### Work item
Output the listing exactly as written, apart from its pictures.

### Information shown
>>>>
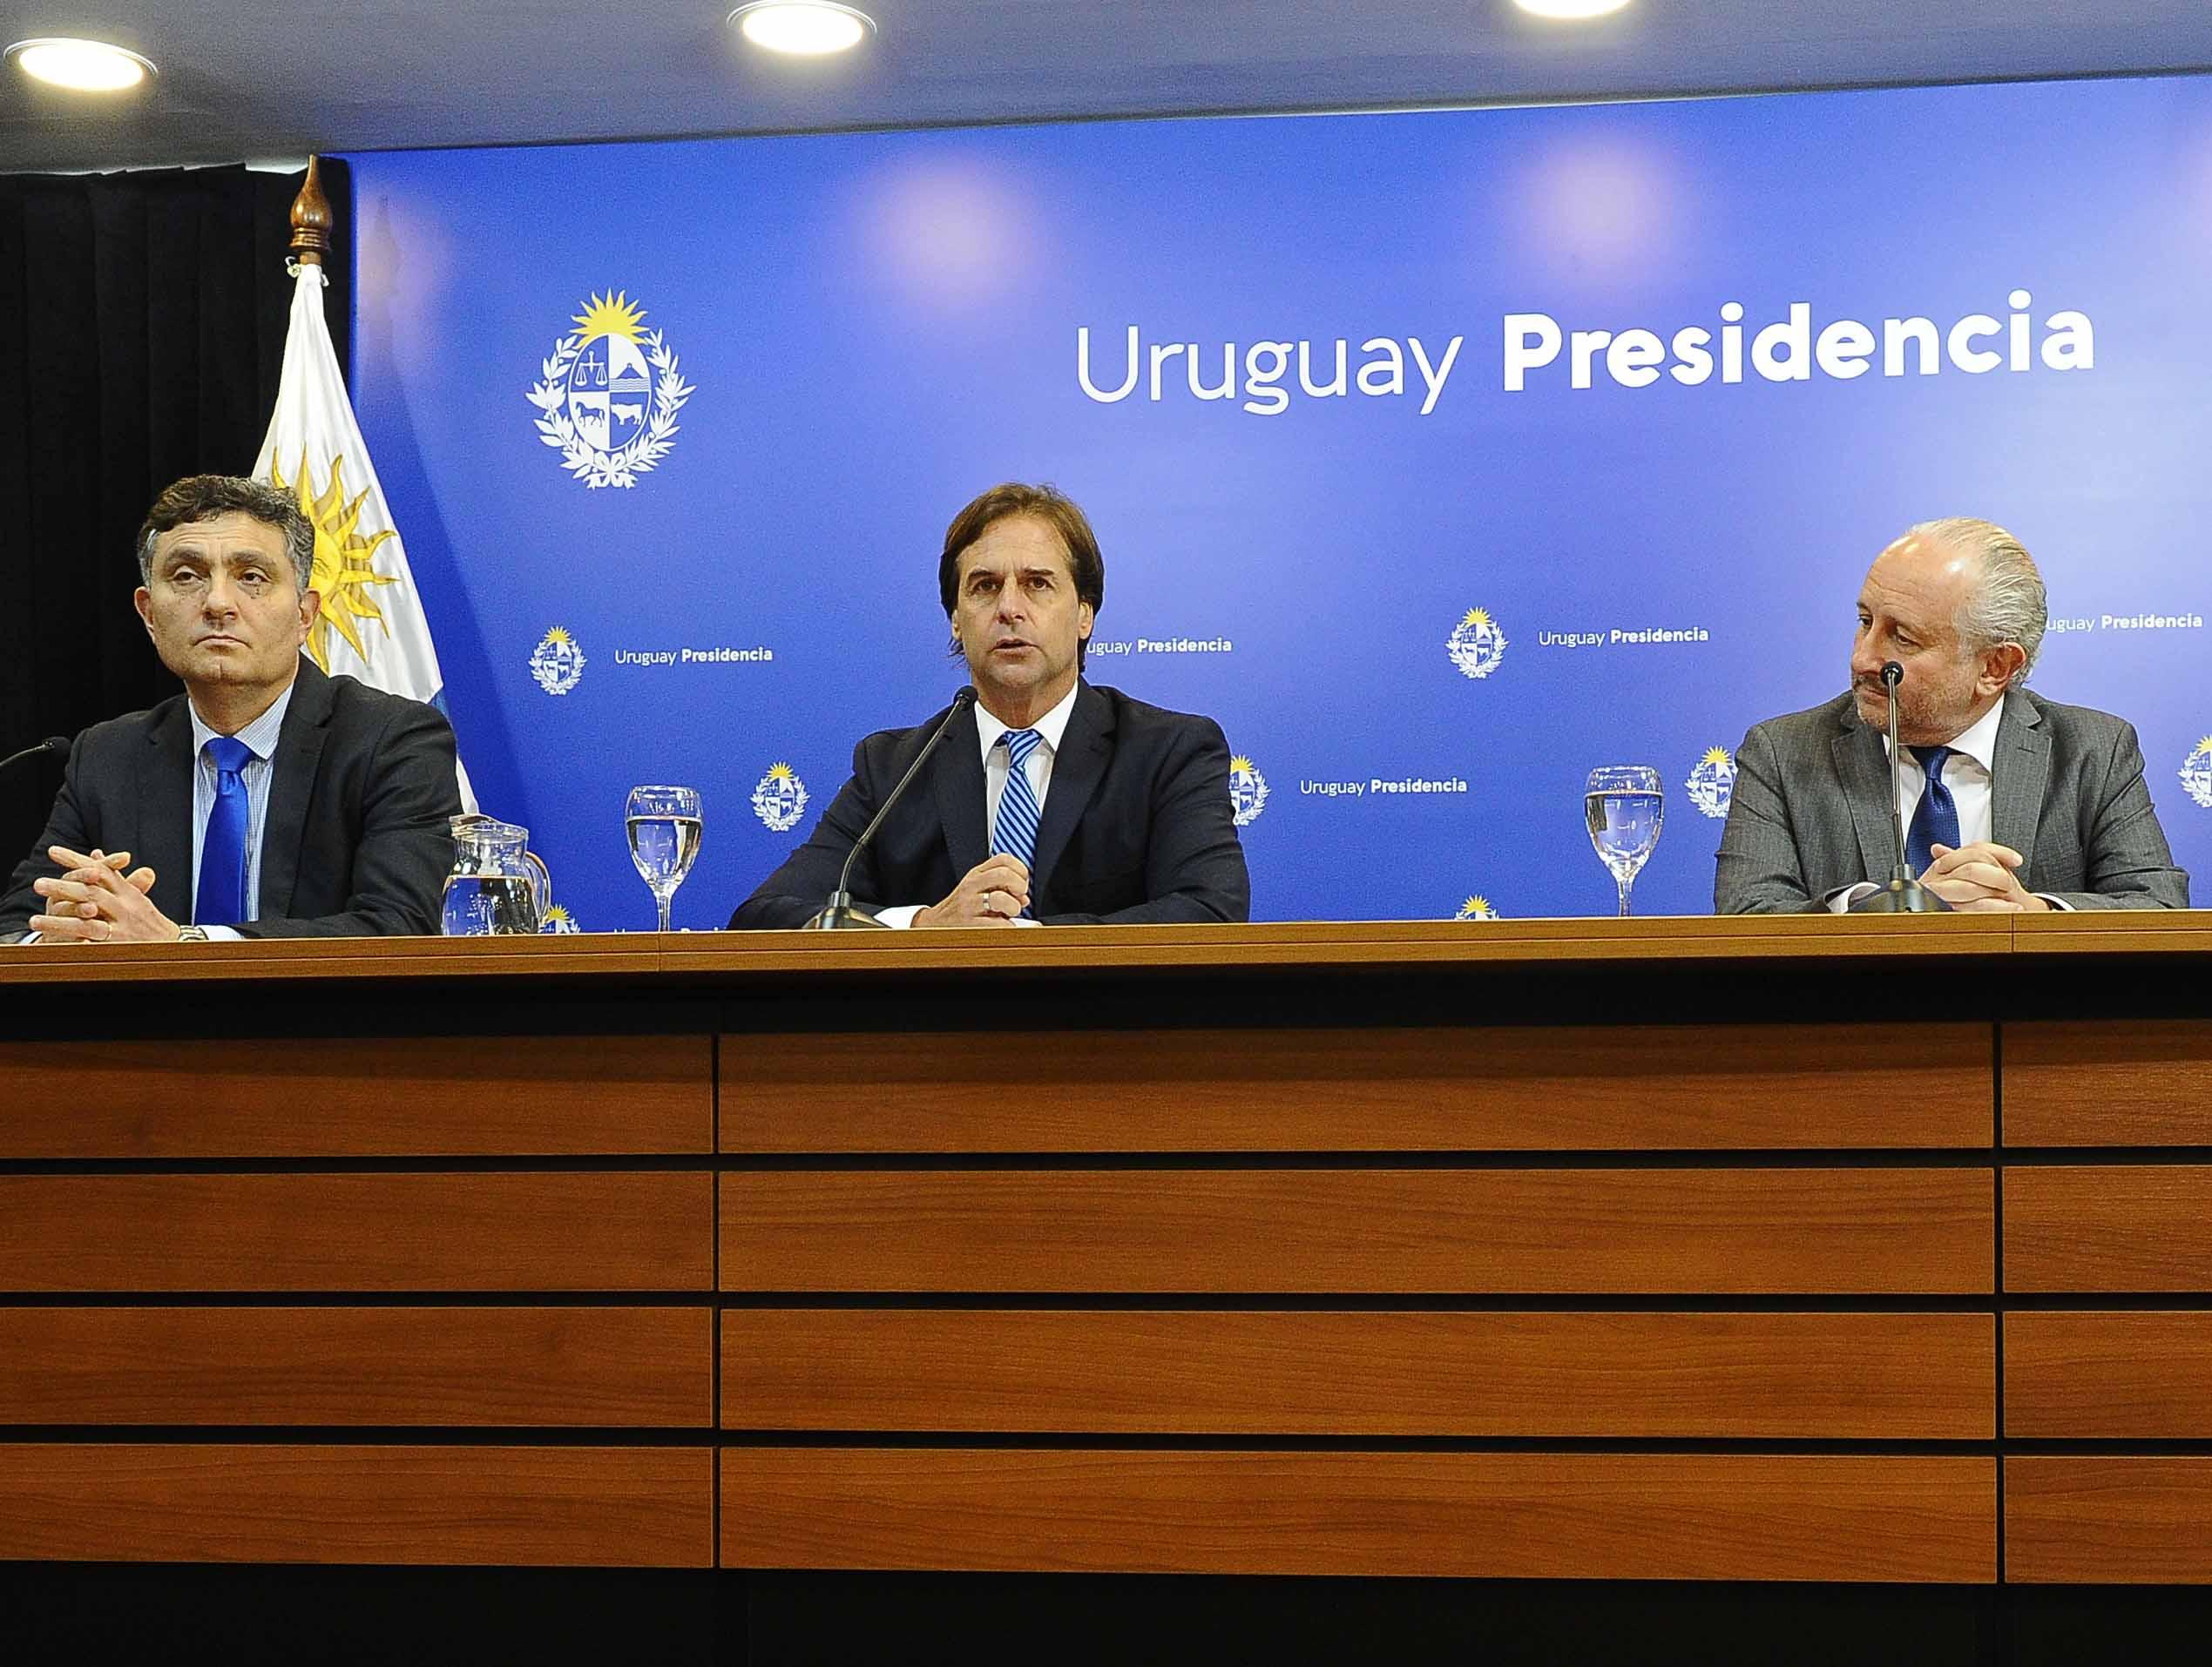 Director de OPP, Isaac Alfie, presidente, Luis Lacalle Pou, ministro de Educación, Pablo da Silveira, y ministro de Trabajo, Pablo Mieres
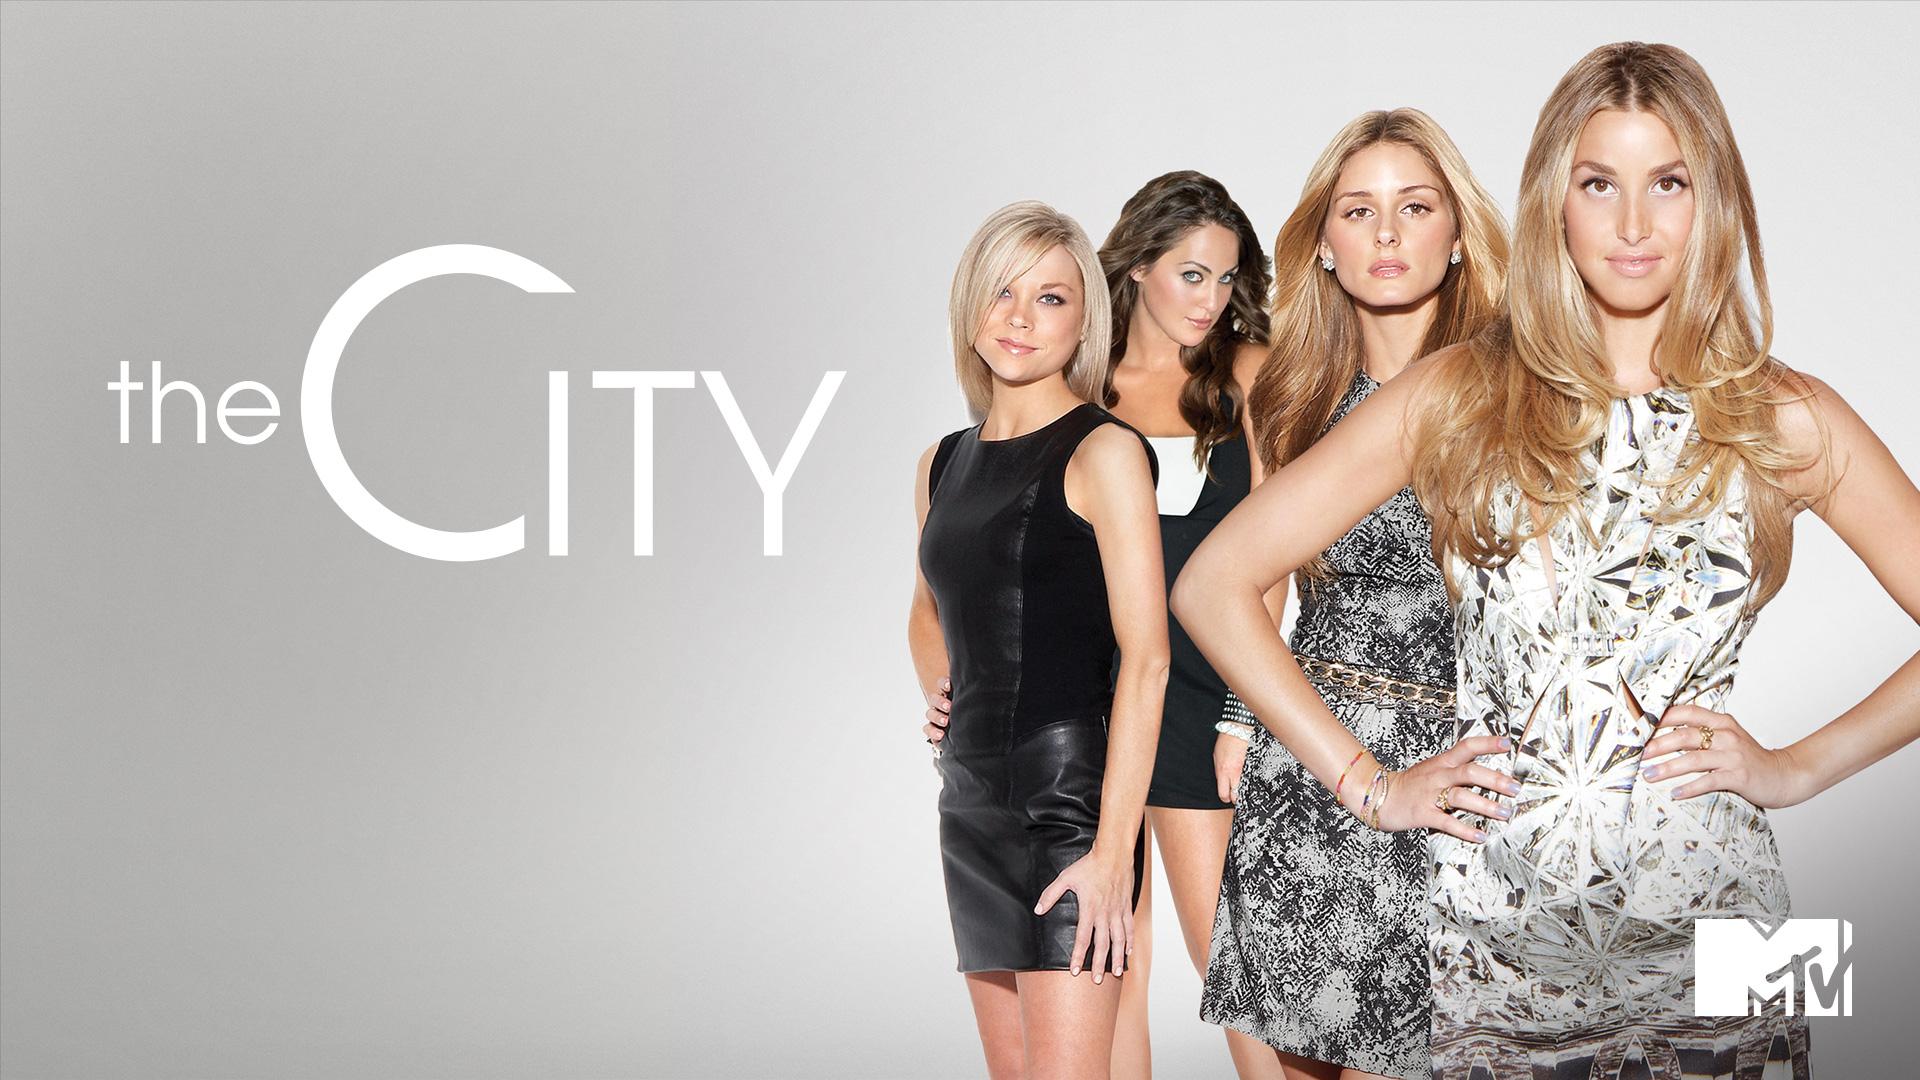 The City Season 1
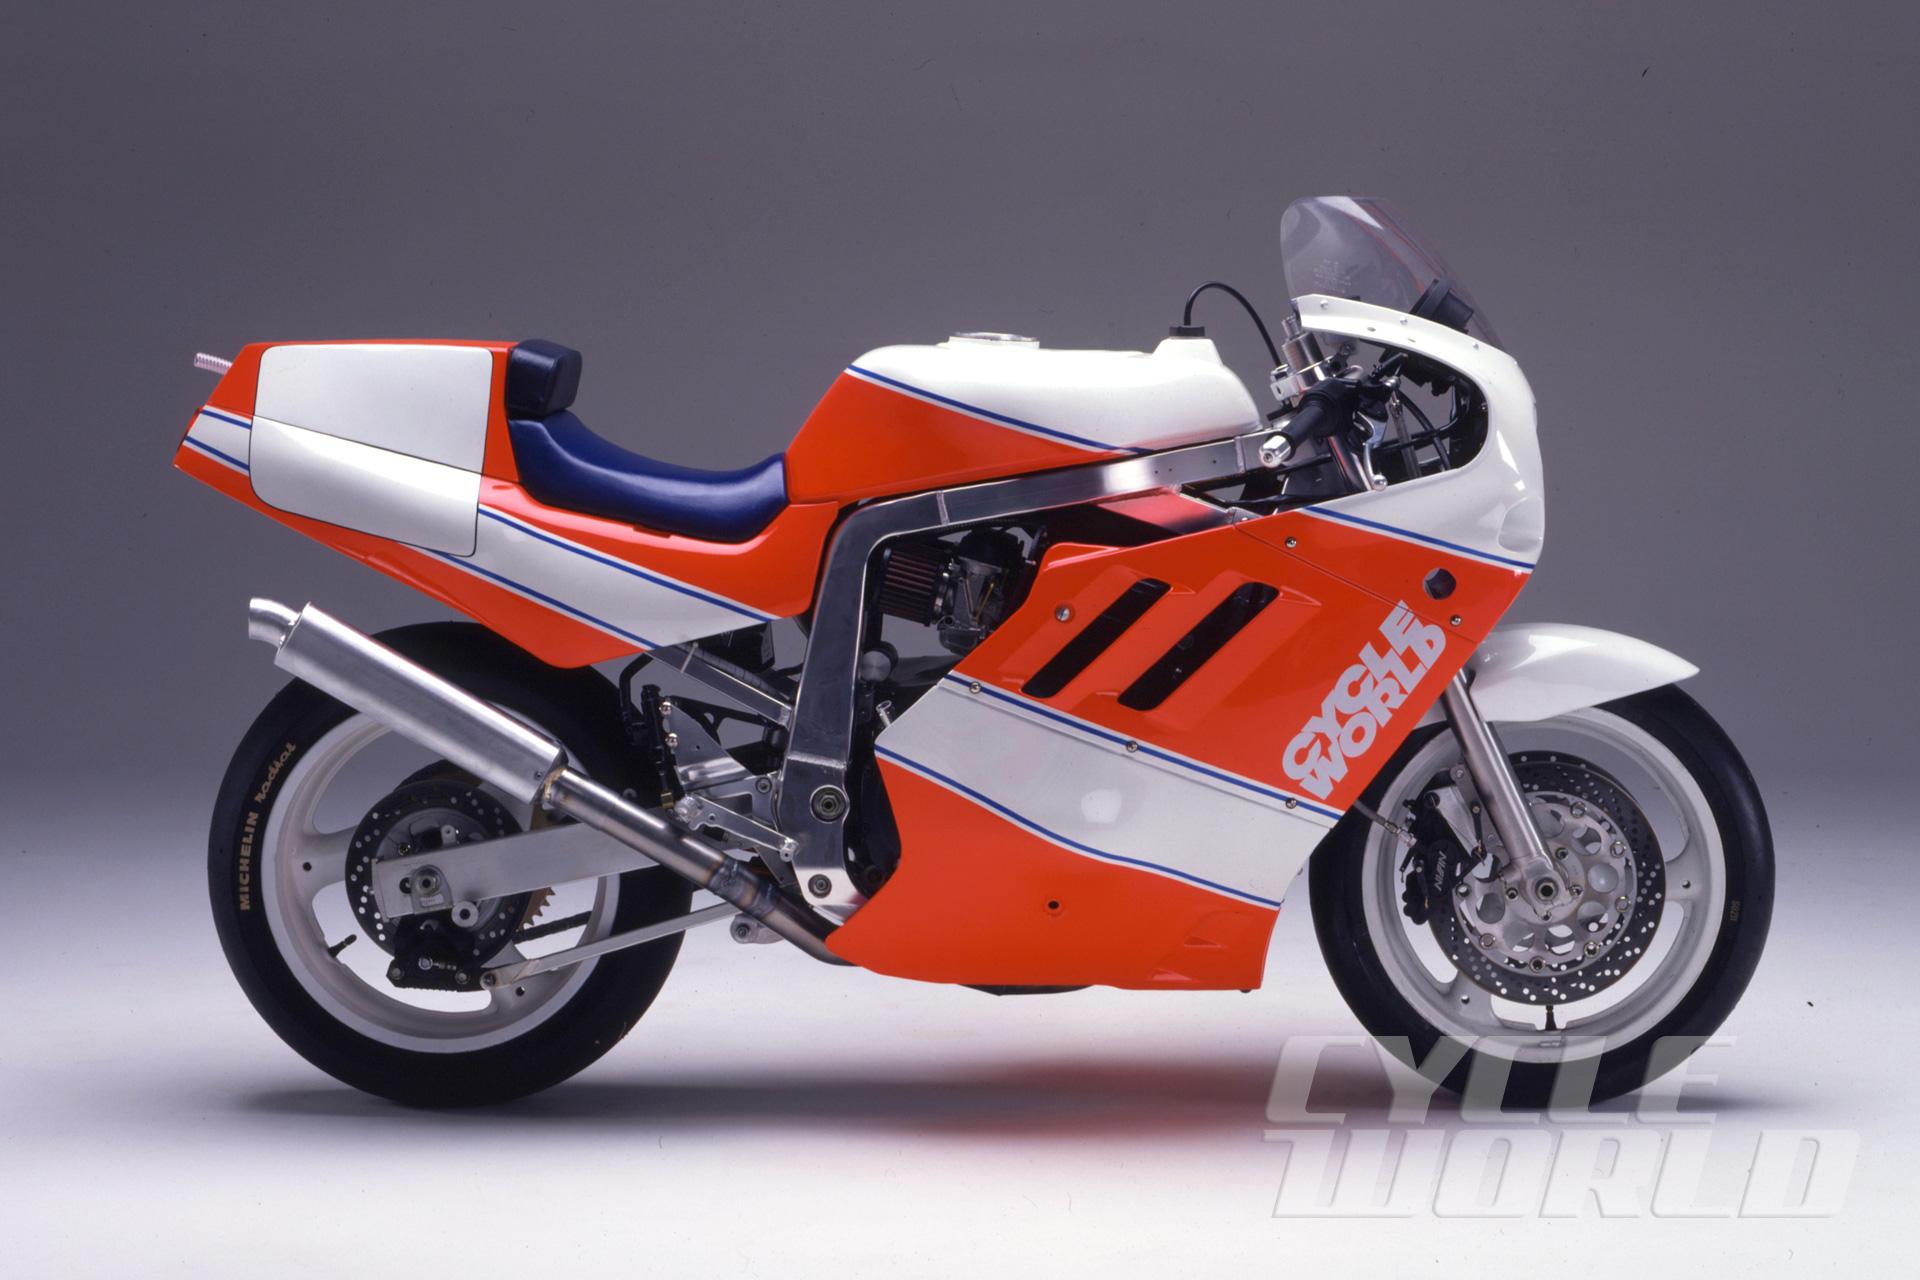 Team Cycle World Project Suzuki GSX-R 1100 Endurance Racer
<<<<
### Response to this exercise
 Director de OPP, Isaac Alfie, presidente, Luis Lacalle Pou, ministro de Educación, Pablo da Silveira, y ministro de Trabajo, Pablo Mieres
 The City Season 1
 Team Cycle World Project Suzuki GSX-R 1100 Endurance Racer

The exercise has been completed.